Herausgekommen ist „Perlas“, ein Album von fast schon anachronistischer Schönheit. Beim ersten Hören ließe sich nicht recht sagen, ob es in den fünfziger Jahren entstanden ist oder doch gerade eben erst. Fosters Stimme, glasklar und voller Sentiment, jede Höhe grazil meisternd, scheint aus einem ganz anderen Jahrhundert oder aus dem Schellack-Zeitalter zu uns herüberzuschallen.

Es ist nicht weniger als herzergreifend, wenn sie in diesen pathetischen Songs von schmerzvoller, nie vergehender Liebe singt oder von rastlosen Pilgern oder Monden, die von Perlschnüren umgarnt werden. Man muss die spanischen Texte nicht mal übersetzen, um ihre Schwermut zu spüren.

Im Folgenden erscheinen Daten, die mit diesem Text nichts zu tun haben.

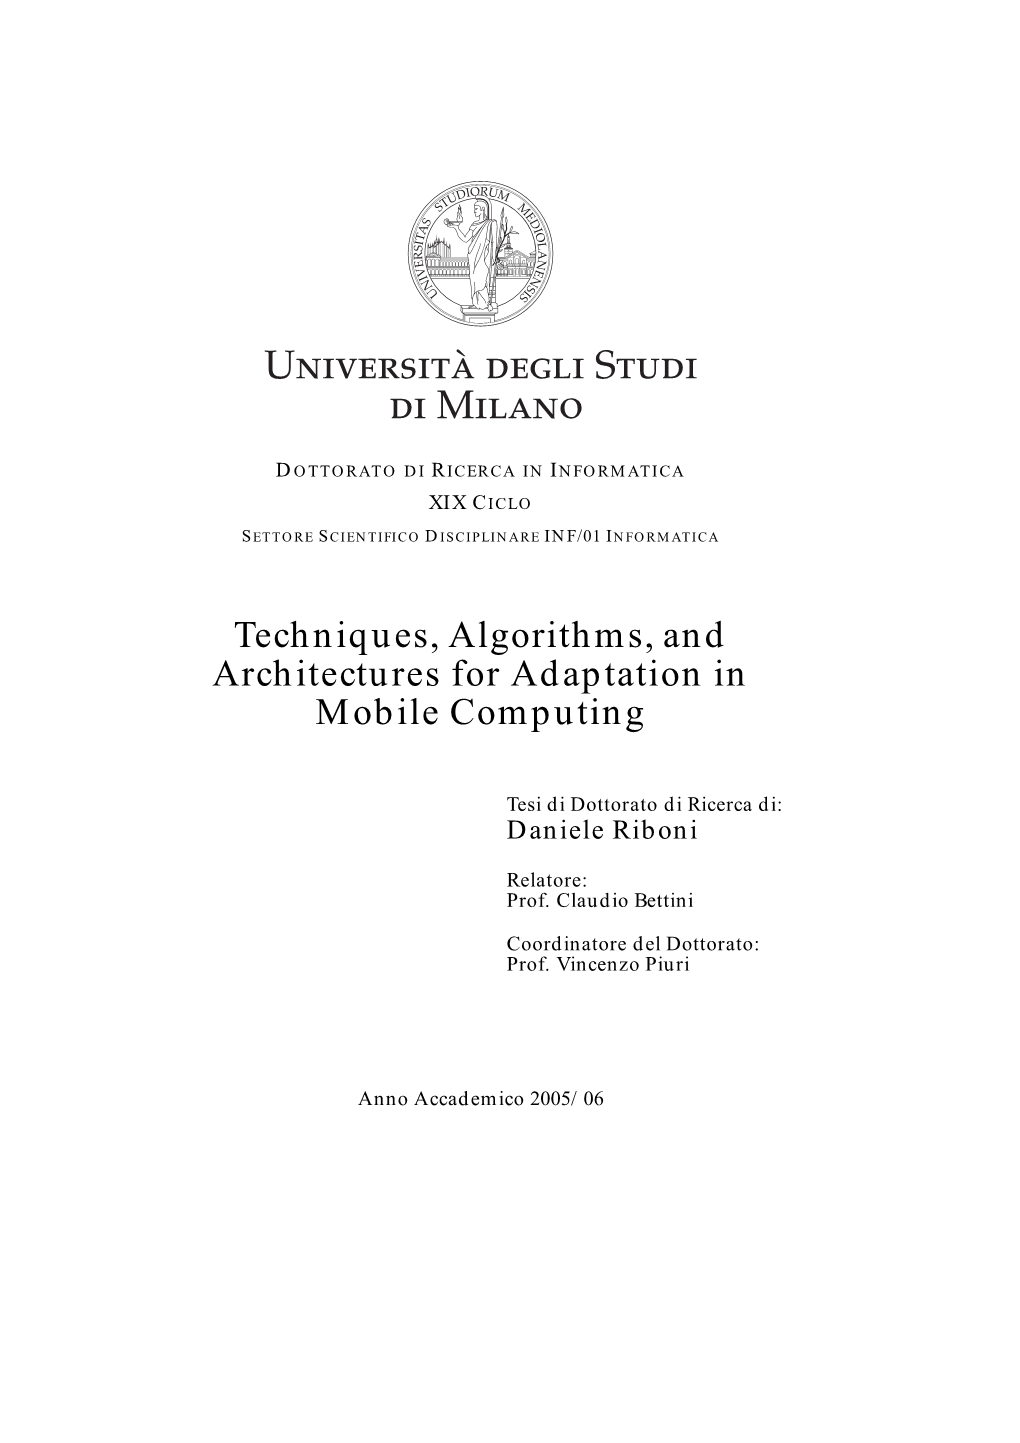 Techniques, Algorithms, and Architectures for Adaptation in Mobile Computing

Auf ihrem Album „A Wolf in Sheep’s Clothes“ hatte Foster Stücke von Schumann, Brahms und Schubert interpretiert, deutsche Kunstlieder der Romantik. Sie hat ihnen neue Arrangements mit einer akustischen und einer schneidenden E-Gitarre gegönnt, eine grandiose Verfremdung, die das Wesen der Lieder eher noch herausstellte.

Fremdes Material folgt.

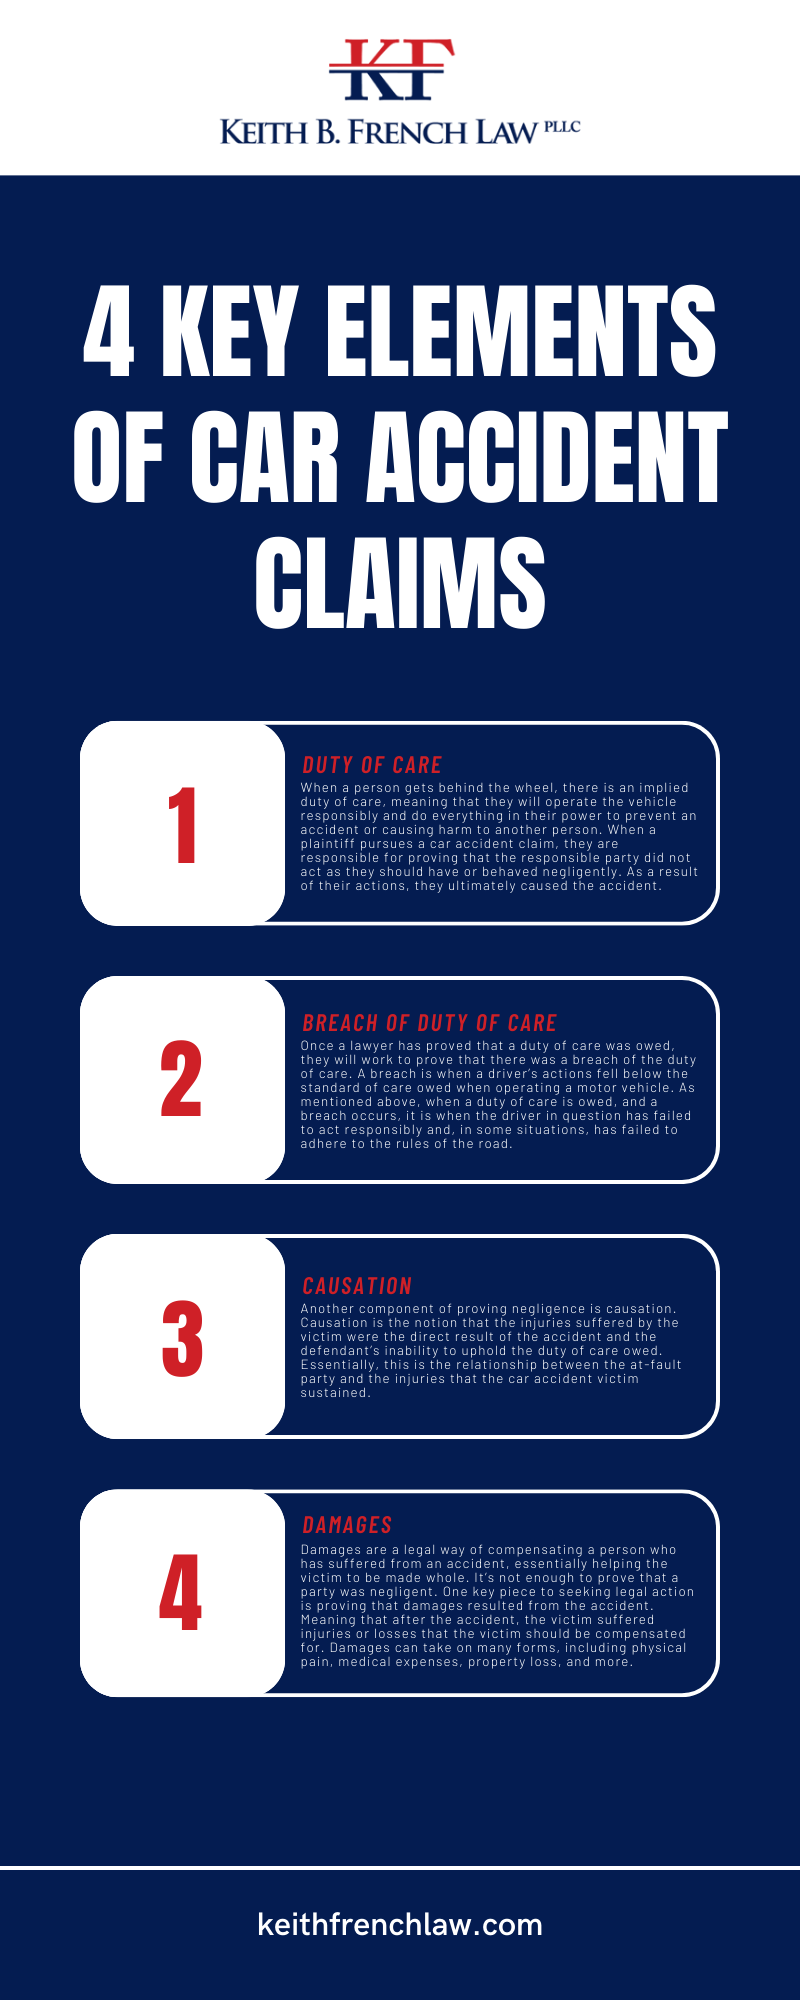 4 Key Elements of Car Accident Claims Infographic

Die Annäherung an die spanischen Volkslieder unterscheidet sich davon grundlegend: Dem Kunstlied hat sie etwas hinzugefügt, in die traditionellen spanischen Lieder schlüpft sie hinein. Sie eignet sich den Ton an, den Gestus, wischt die Patina nicht weg; sie vergegenwärtigt, indem sie die Tradition betont. Das hat vielleicht damit zu tun, dass Foster sich zusammen mit Victor Herrera und seiner Band in Andalusien mitten hinein begeben hat in dieses musikalische Milieu, dass räumliche und vielleicht auch zeitliche Distanz aufgehoben oder überwunden wurde. Das heißt allerdings nicht, dass Foster nur als Historikerin auf das Material zugreift. Wer genau hinhört, kann durchaus andere Facetten in dieser Musik erkennen, auch Elemente amerikanischer Folkmusik (was nicht zuletzt damit zu tun hat, dass diese ein Amalgam verschiedener Überlieferungen darstellt).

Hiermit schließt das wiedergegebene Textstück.